The plans featured are spread across six different categories, two capital protected savings plans and four investment plans. By covering traditional fixed rates bonds, Financial Service Compensation Scheme (FSCS) protected savings alternatives along with income and growth investments, this annual review aims to cover a range of options for both savers and investors, whether seeking either income or growth. The 2014 categories are as follows:

  • Fixed Rate Bond Plan of the Year
  • Savings Alternative Plan of the Year
  • Income Investment Plan of the Year
  • Growth Investment Plan of the Year
  • Defensive Investment Plan of the Year
  • Kick Out Investment Plan of the Year

Structured plans

Whether it is the potential for higher returns combined with FSCS deposit scheme protection on offer from structured deposit plans, or the conditional capital protection combined with the potential for higher returns from our selection of income and growth investments, structured plans continue to be popular with our customers. In either case, the defined return and defined risk on offer from these fixed term plans has had an obvious appeal with both savers and investors, which is why five of our six categories are structured plans.

Winner & Runner Up

In addition to the winner for each category, where there has been particularly strong competition we have also awarded a runner up spot.

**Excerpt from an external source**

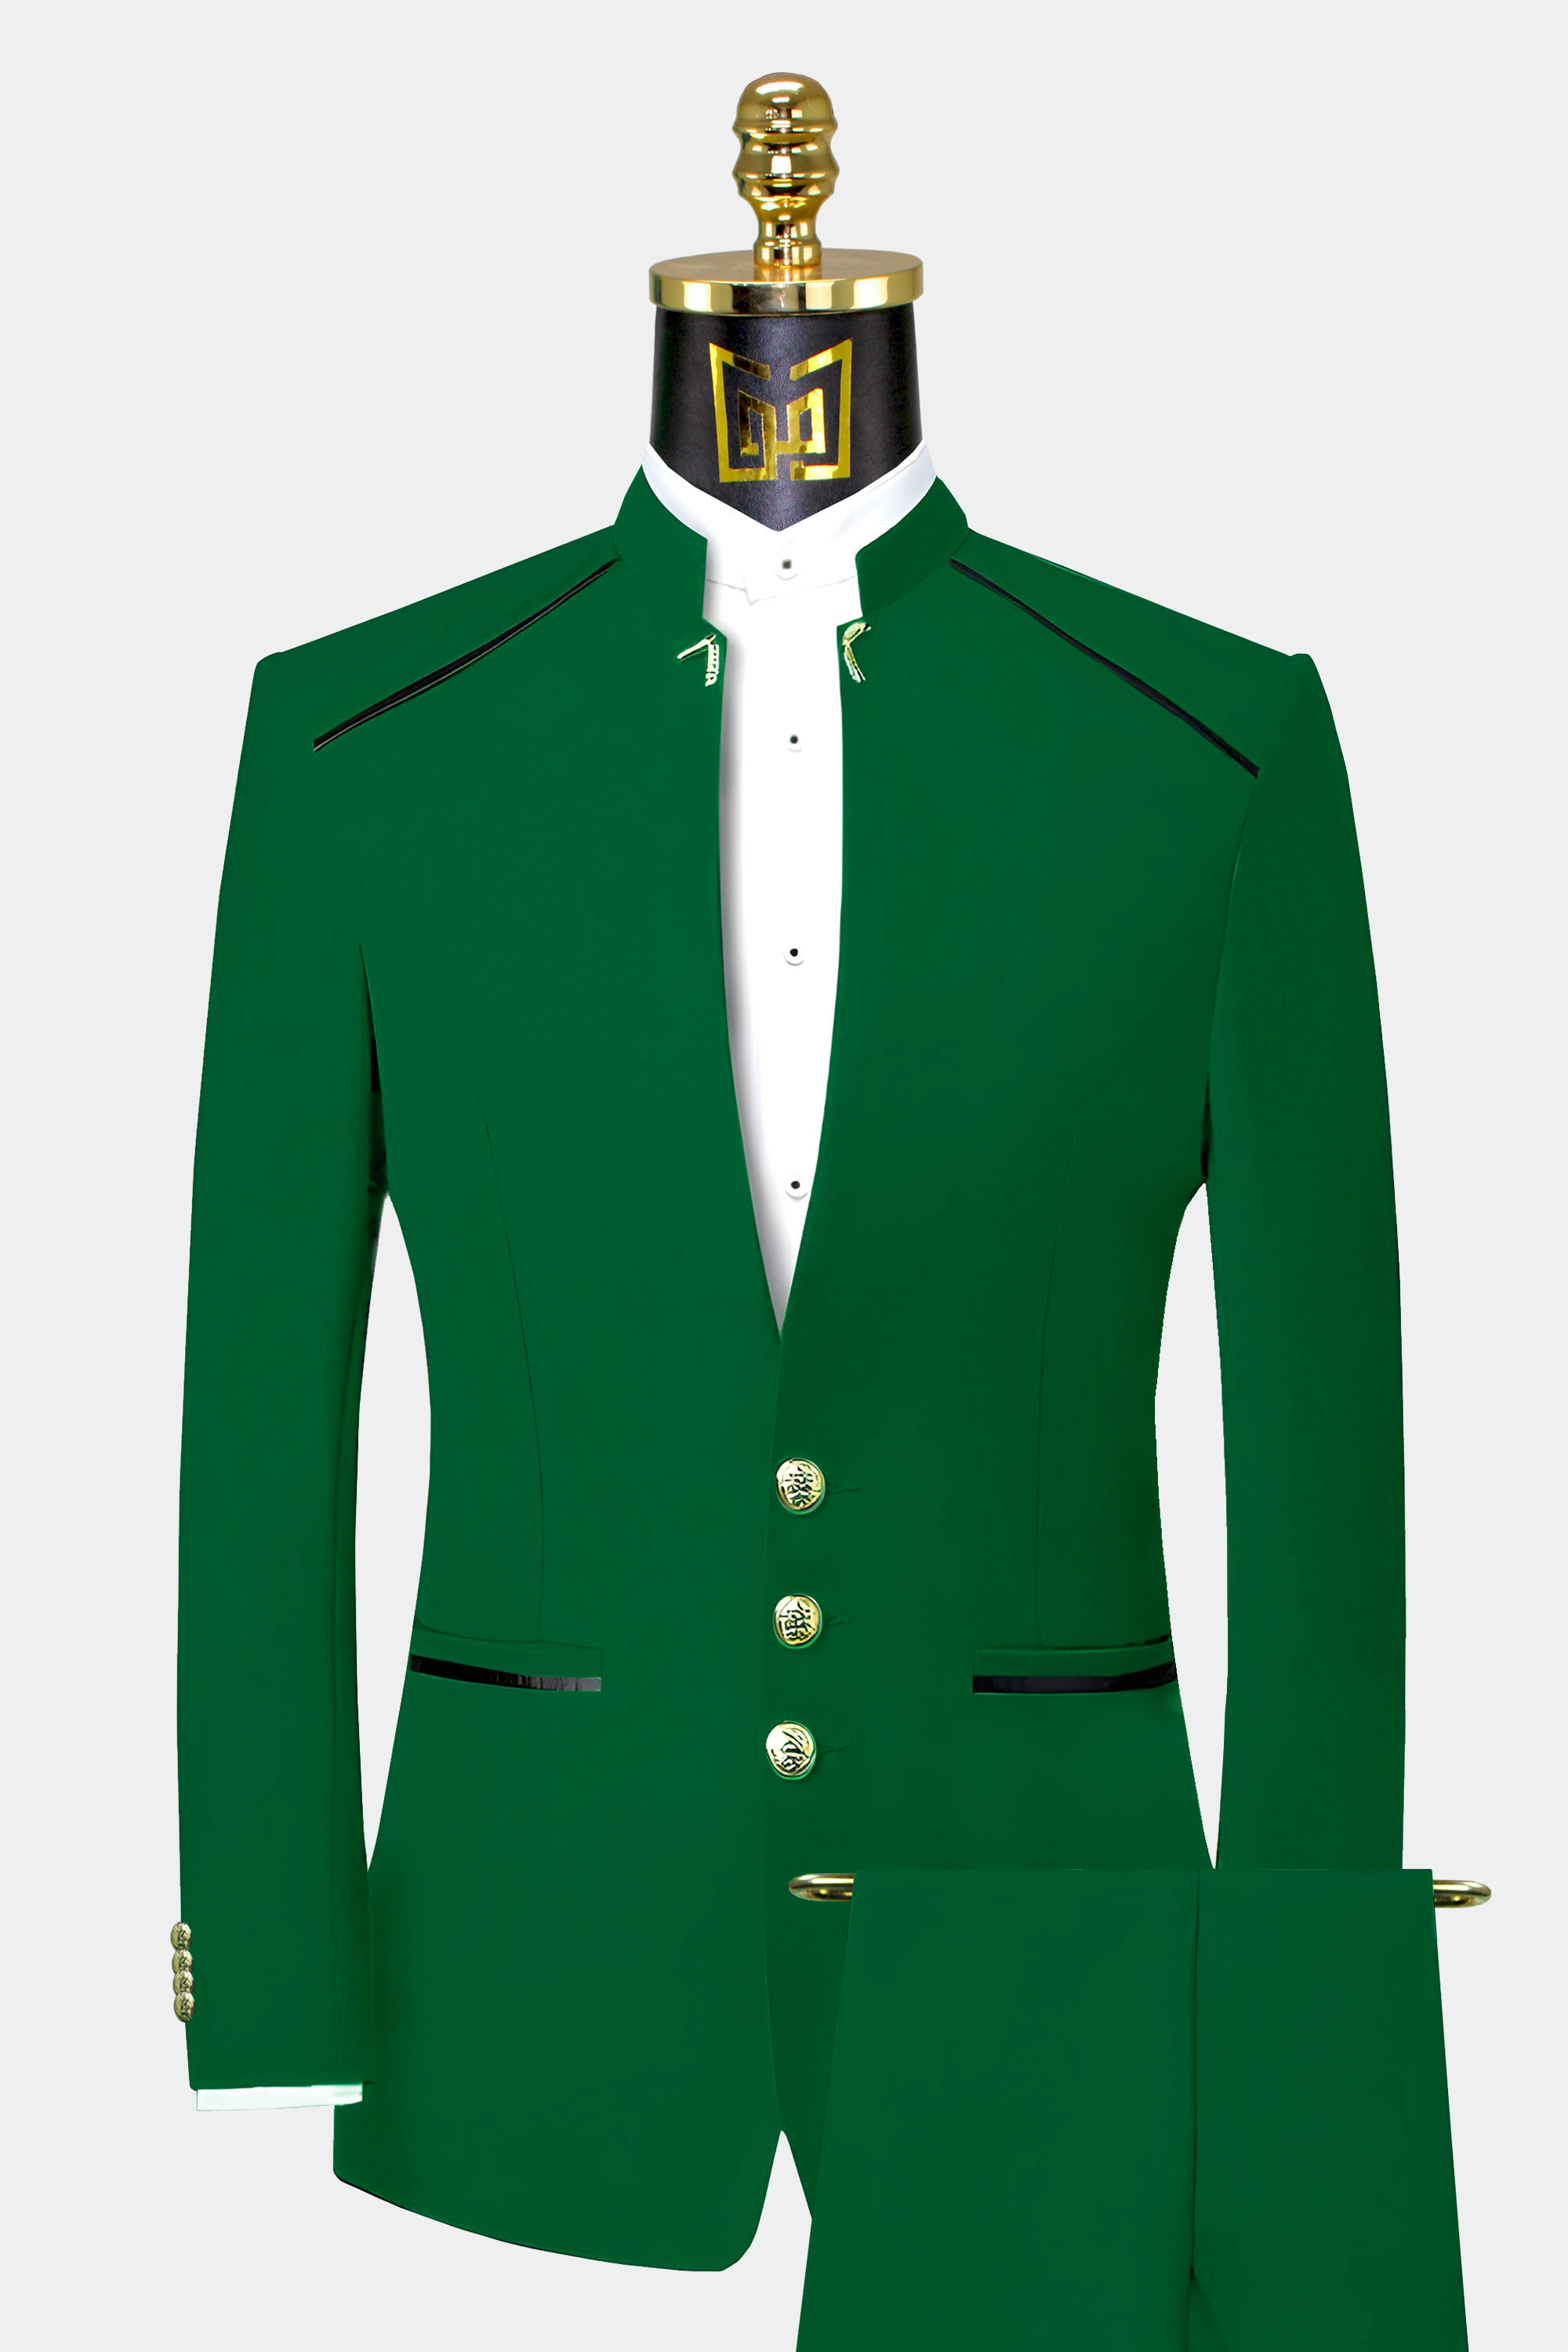 Green-Mandarin-Collar-Suit-Wedding-Groom-Turtle-Neck-Chinese-Collar-Mao-Prom-Suit-from-Gentlemansguru.com.com

Please note since the best plans are often only open for a relatively short period or can have their interest rate changed quickly, sometimes without notice, each plan selected must either be available now, or we are shortly expecting to launch a new version. So make sure you check for any application deadlines.

Our view

Finally, we also give you our in-house view of each plan, brought to you by our Head of Savings and Investments, Oliver Roylance-Smith, to help explain why the plan has been selected, whether this is a particular feature of the plan, the return on offer or the balance of risk reward when compared to its competitors.